[Entries taken from a collection]
%%
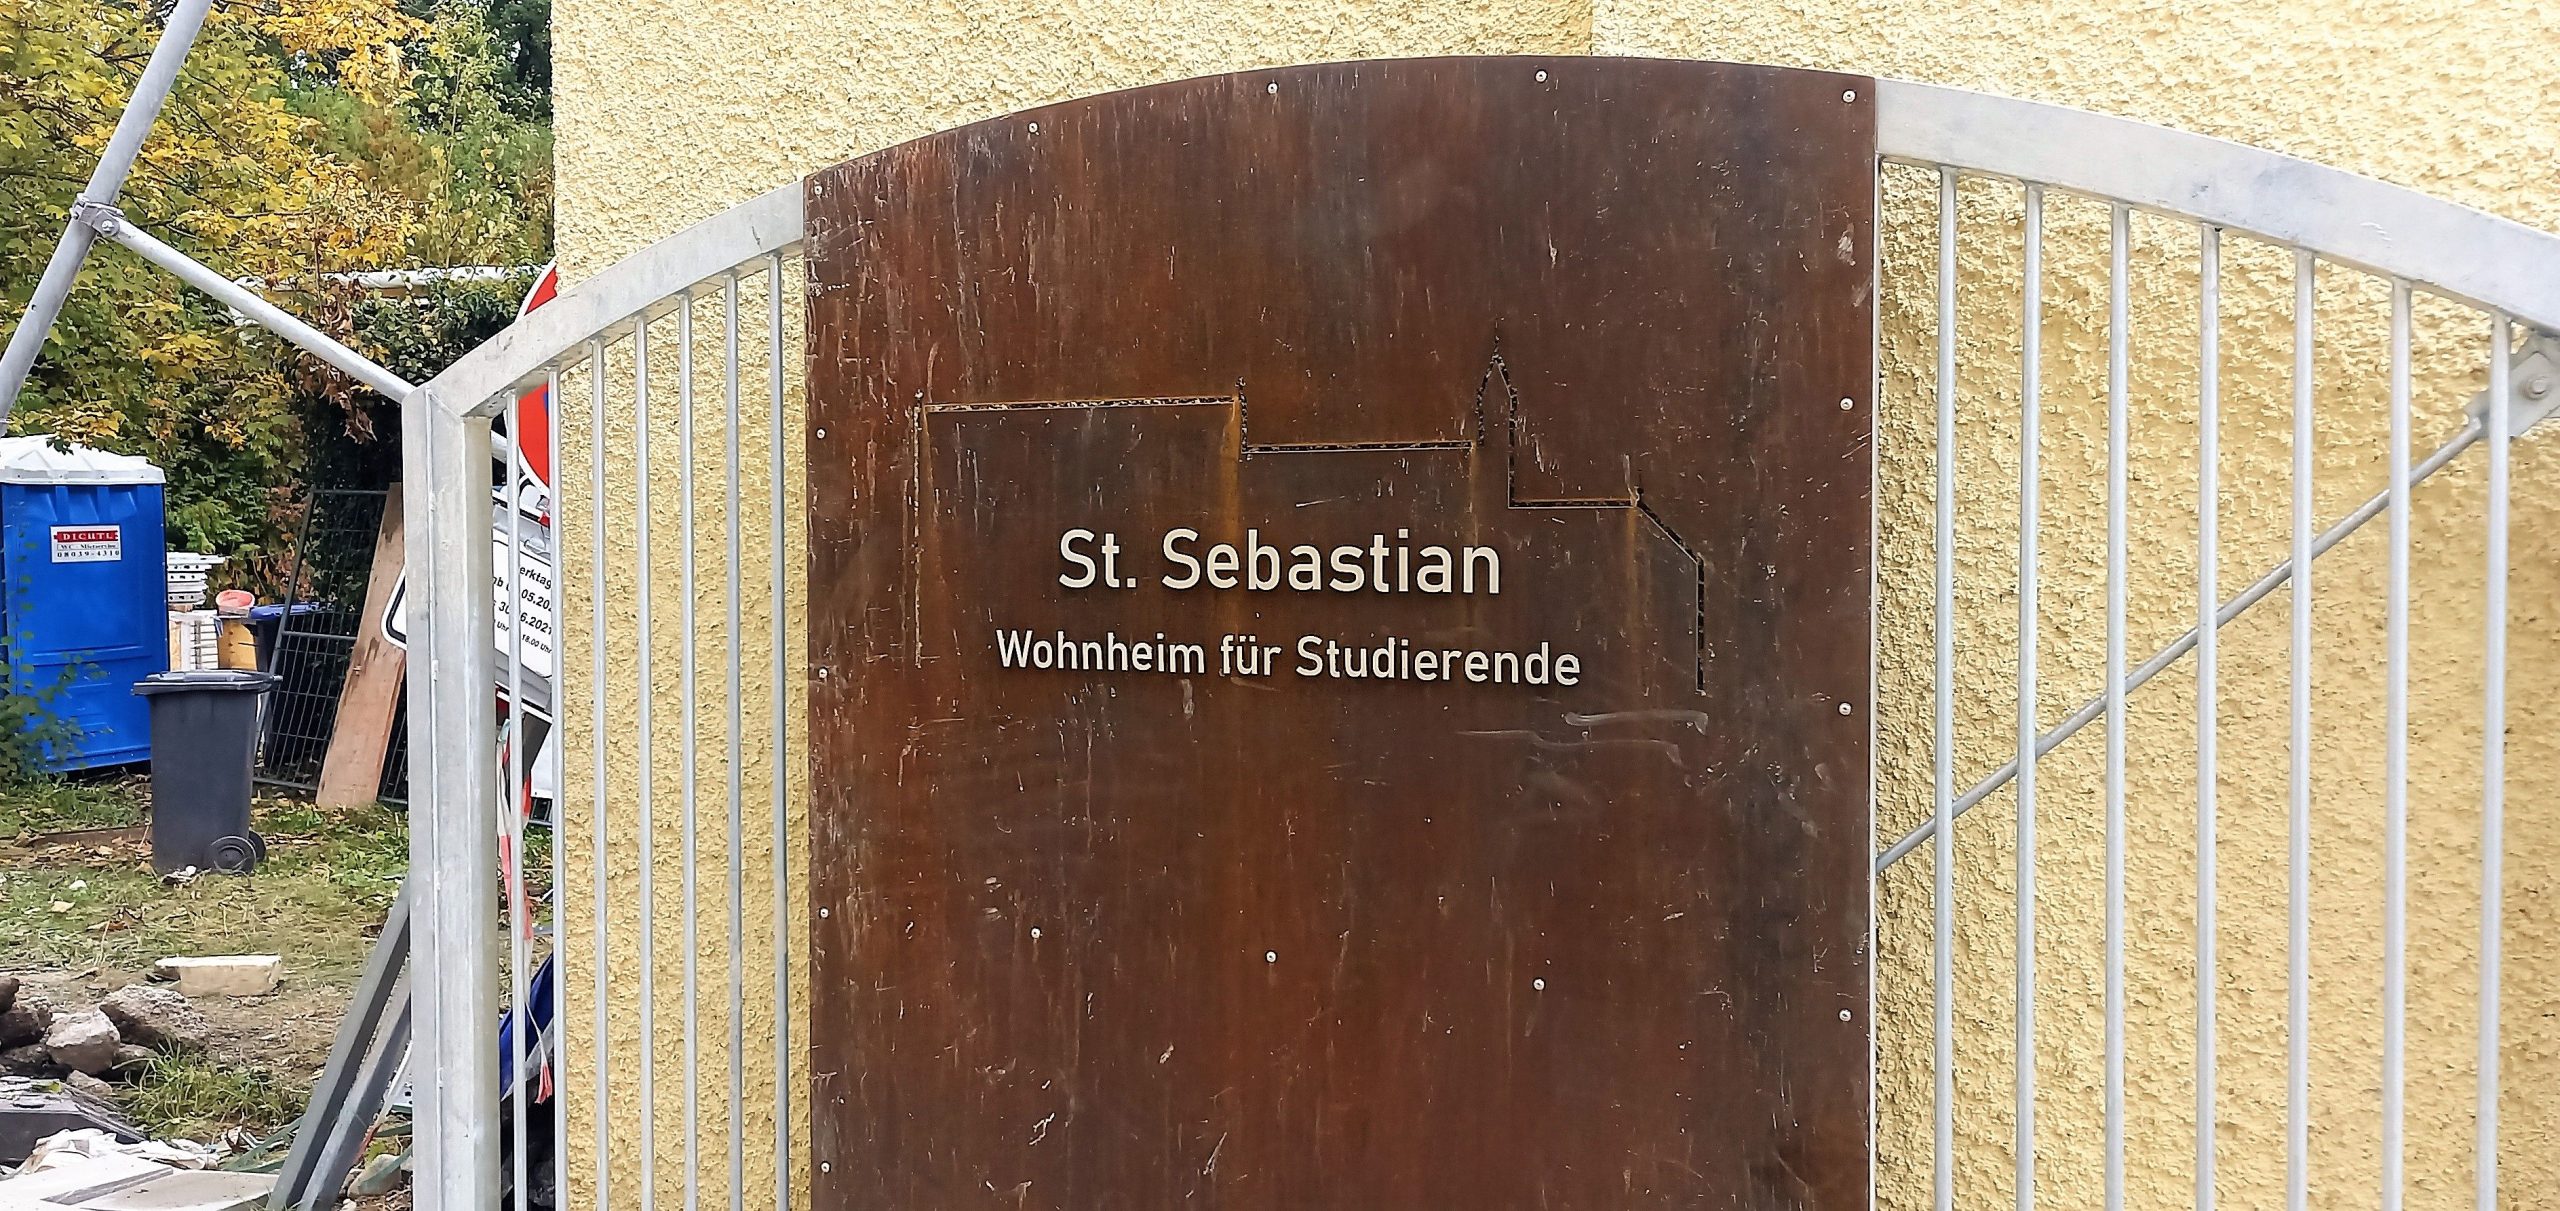 Eingangstüre zum Wohnheim St. Sebastian
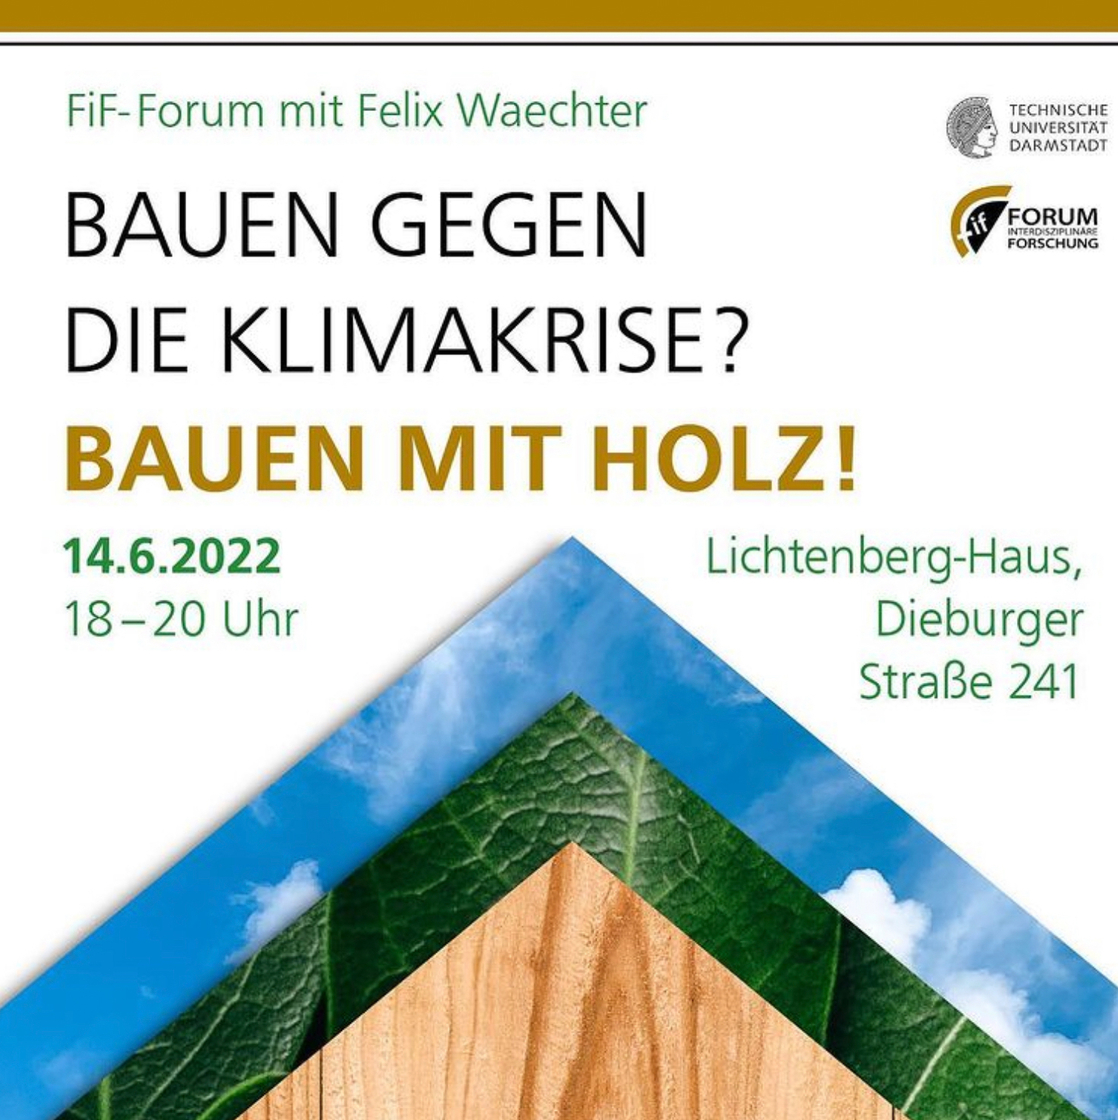 fif-forum_bauen-14.06.2022.jpg
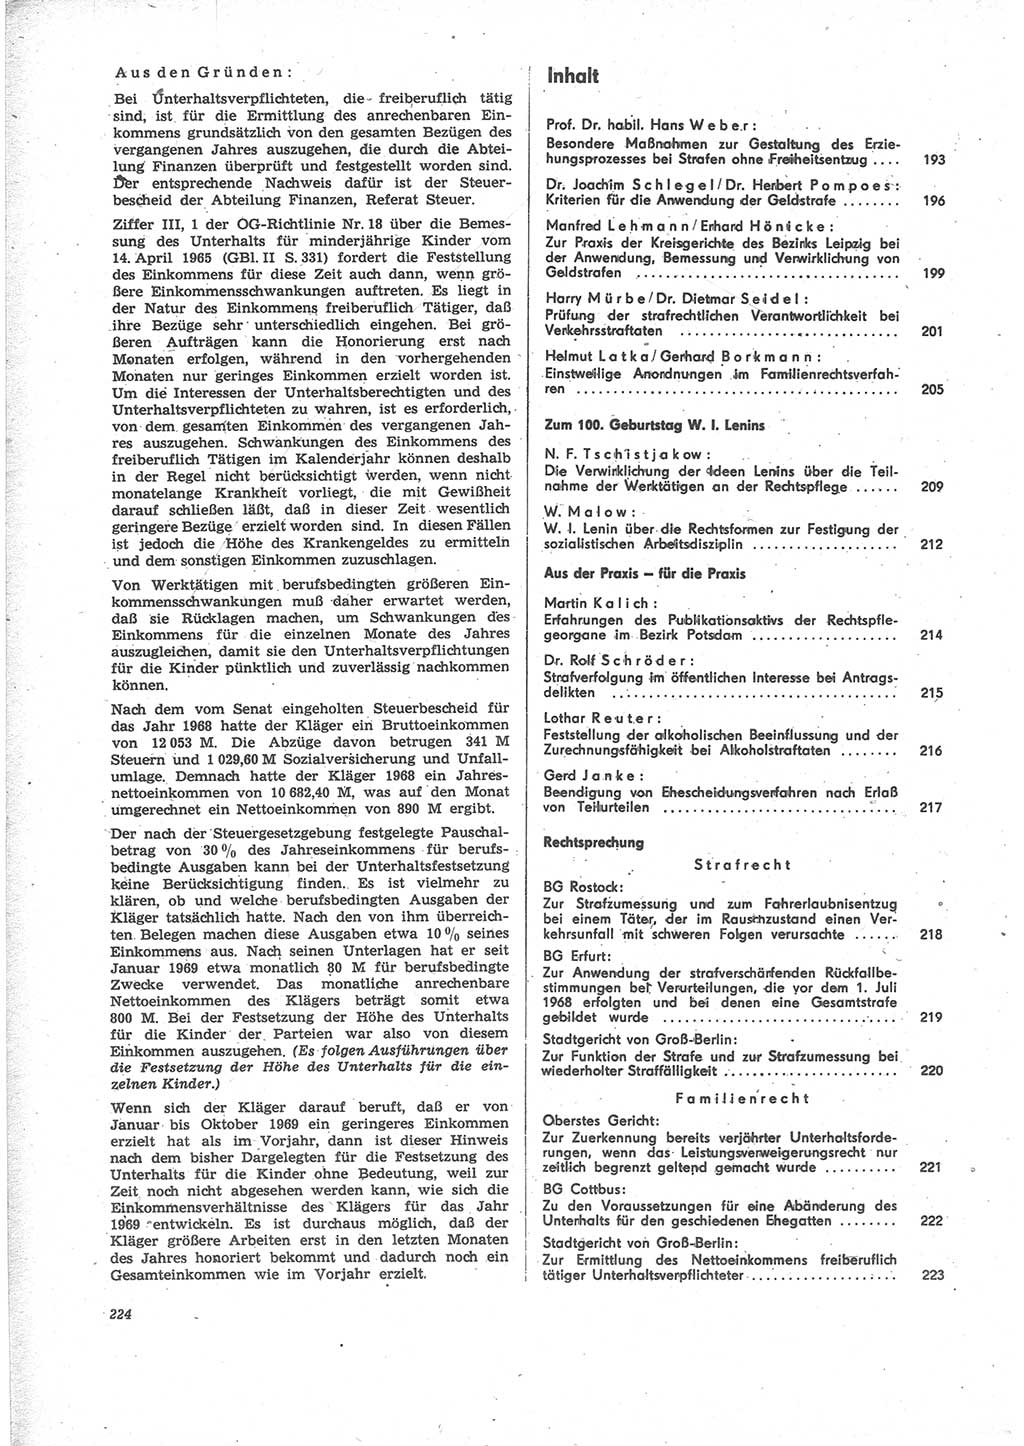 Neue Justiz (NJ), Zeitschrift für Recht und Rechtswissenschaft [Deutsche Demokratische Republik (DDR)], 24. Jahrgang 1970, Seite 224 (NJ DDR 1970, S. 224)
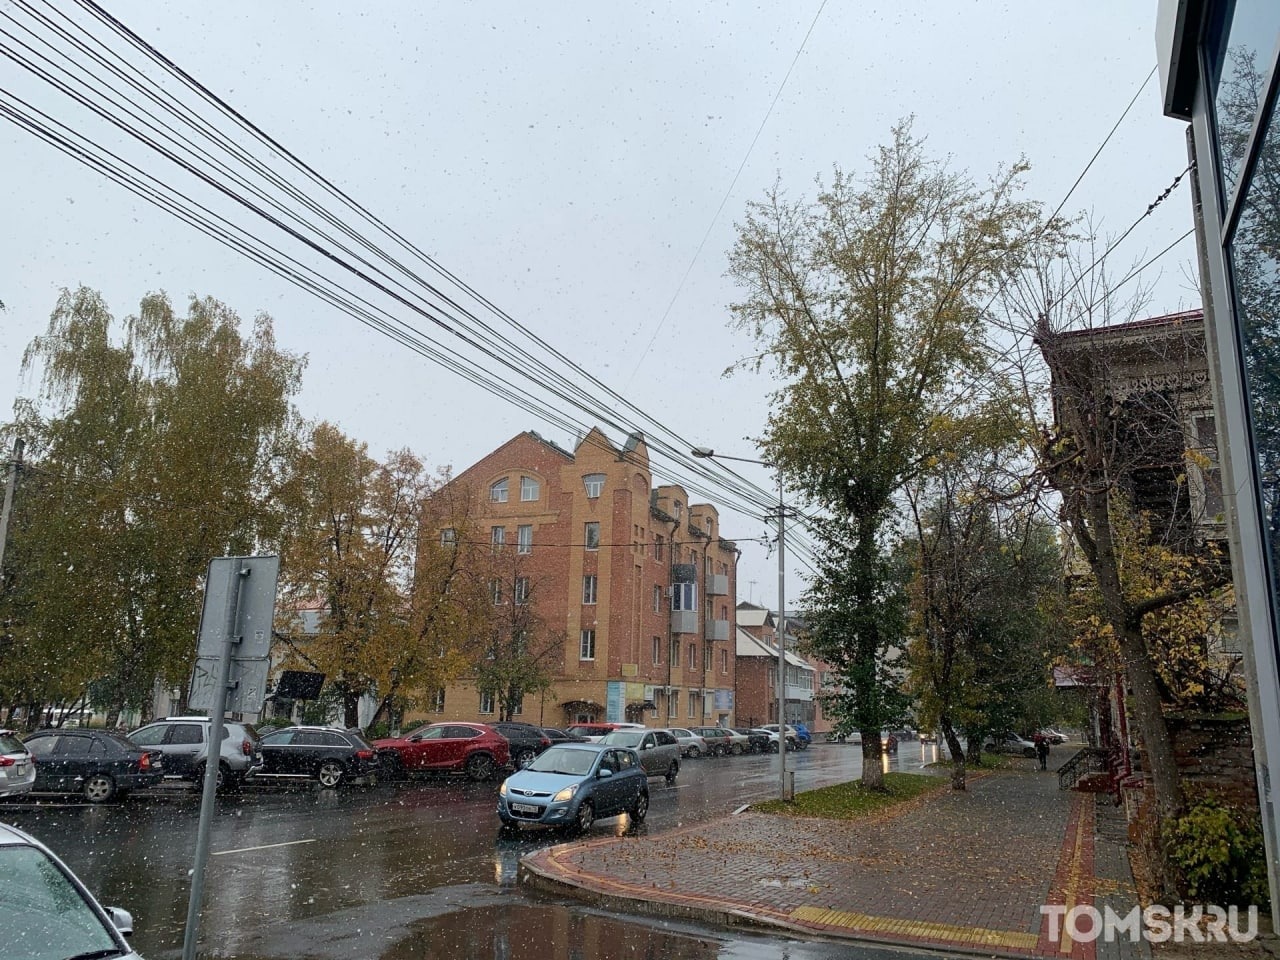 Октябрь в Томске начнется со снегопада и северного ветра
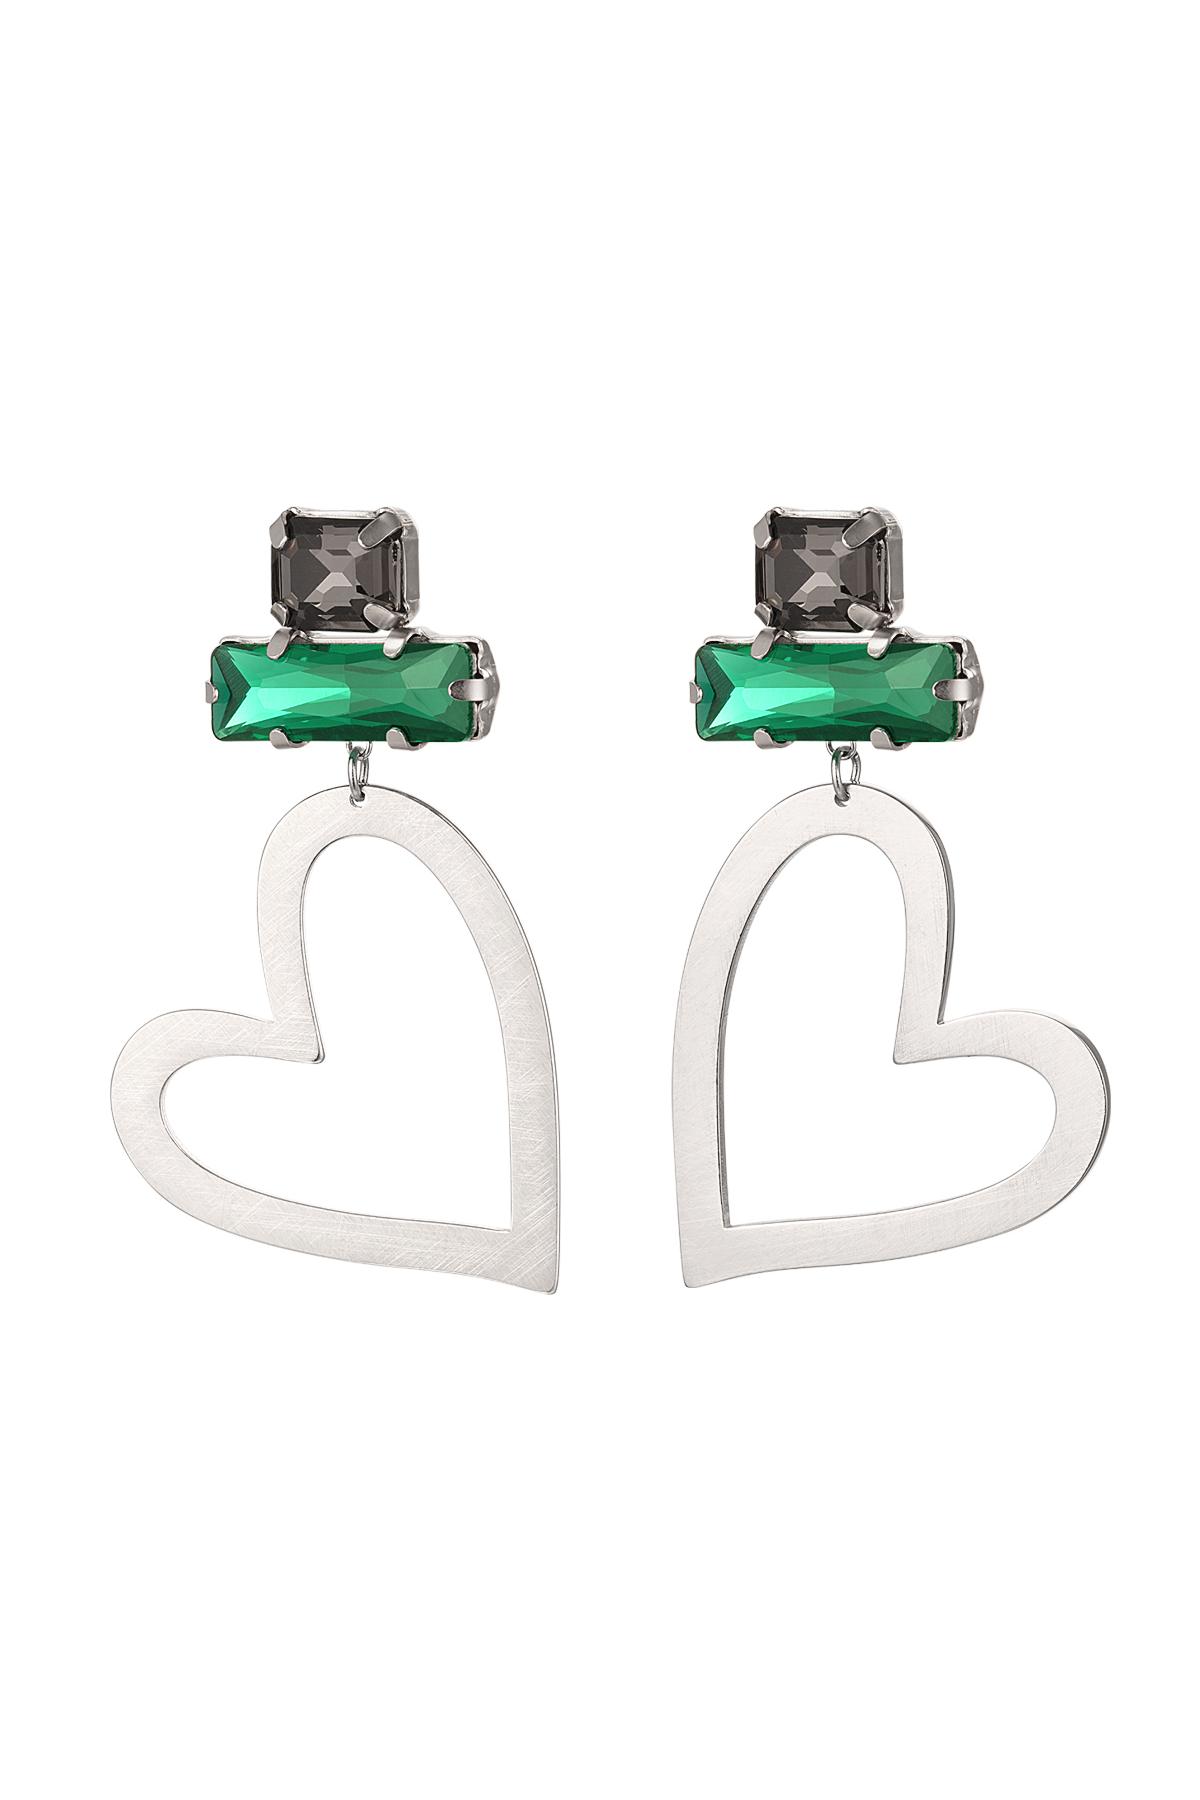 Boucles d'oreilles coeur avec perles de verre Vert& Argenté Acier inoxydable h5
%%
#### WHAT THE TASK REQUIRES:
All of the entries need to be retyped word for word, pictures excluded.

#### PROBLEM SOLUTION:
 Eingangstüre zum Wohnheim St. Sebastian
 fif-forum_bauen-14.06.2022.jpg
 Neue Justiz (NJ), Zeitschrift für Recht und Rechtswissenschaft [Deutsche Demokratische Republik (DDR)], 24. Jahrgang 1970, Seite 224 (NJ DDR 1970, S. 224)
 Октябрь в Томске начнется со снегопада и северного ветра
 Boucles d'oreilles coeur avec perles de verre Vert& Argenté Acier inoxydable h5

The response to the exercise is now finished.